The simple act of cleaning and decluttering before putting your home on the market can add thousands to your selling price, according to the HomeGain 2012 National Home Improvement Survey. Besides showing your home as a more spacious, blank canvas for the next homeowners, a big purge means that when it's time to move, it'll be easier and cost you less.

 

When faced with rooms full of amassed bric-a-brac and basements and storage lockers bulging at the seams, it's easy to feel overwhelmed. Where do you start? And how will you get rid of it all? We turned to two local professional organizers for advice.

 

Start the decluttering process at least a month in advance — longer if you have a large home or have been living there for a long time, recommends professional organizer and image consultant Rowena List, owner of Getting It Together. "Give yourself enough time. Most people underestimate how long it will take to declutter a home."

 

Limor Friedman, professional organizer and owner of Vancouver In The Box, advises spending at least a couple of hours per day in the month leading up to the open house sorting and getting rid of stuff — starting with the easiest jobs first.

 

"Before digging into the crawl space where you store old memories and photos, start with the present — with the stuff that you see every day and are less attached to," says Friedman, pointing to items like chipped dish sets, old clothing, and children's  toys. "After the first 'sort and purge,' you will feel so much better. Then you will be ready to tackle the past — the old items you have left in the basement or the attic."

 

Once you've decided where you'll start, it's time to get ruthless. List suggests that you arm yourself with plenty of heavy-duty black garbage bags, then designate sorting areas: donate, sell or consignment, and toss.

Things like broken and rusty appliances or torn or stained clothing headed for the trash pile are the easiest to determine. Deciding what to keep versus what to donate, sell, or even recycle can be tougher.  

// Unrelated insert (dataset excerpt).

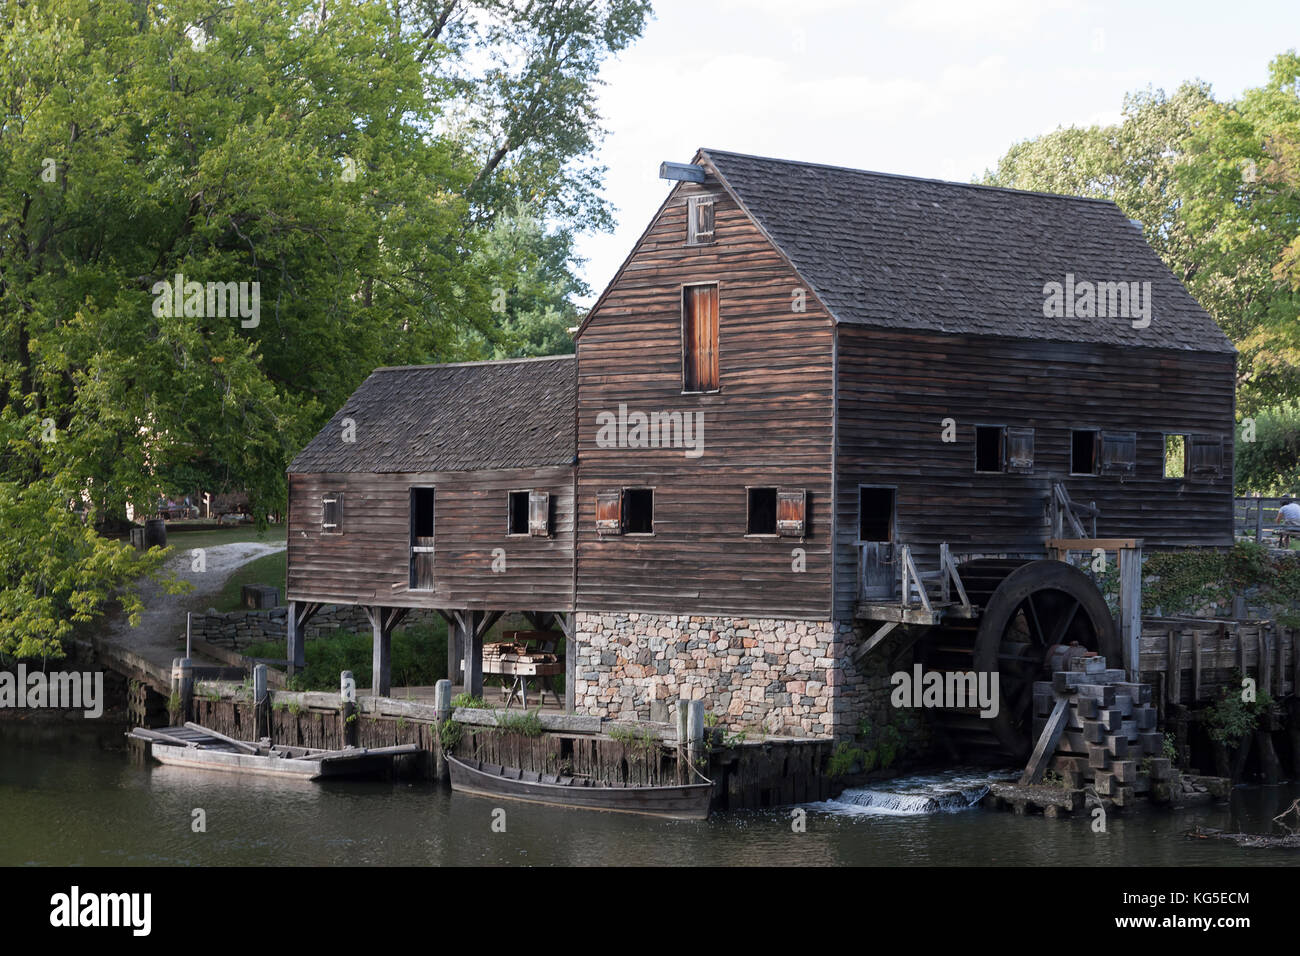 Working gristmill & water wheel at Philipsburg Manor an old Dutch American farm on Pocantico River in Sleepy Hollow, Westchester County, NY. Stock Photo

Evaluate each item and ask yourself what purpose it serves. Is it irreplaceable? When was the last time you used it?

 

"What are the chances that your next new printer will come without a cable?" says Friedman. "Recycle the old cables you held on to for years."

 

Remember the end goal.

 

"Only keep what you need, use, and love," says List, noting that people tend to use only 20% of their things 80% of the time. "Most people live in fear of 'what if I need it?'" I support my clients in living with a faith-based mentality: believing that what they have is what they need... once we do the sorting."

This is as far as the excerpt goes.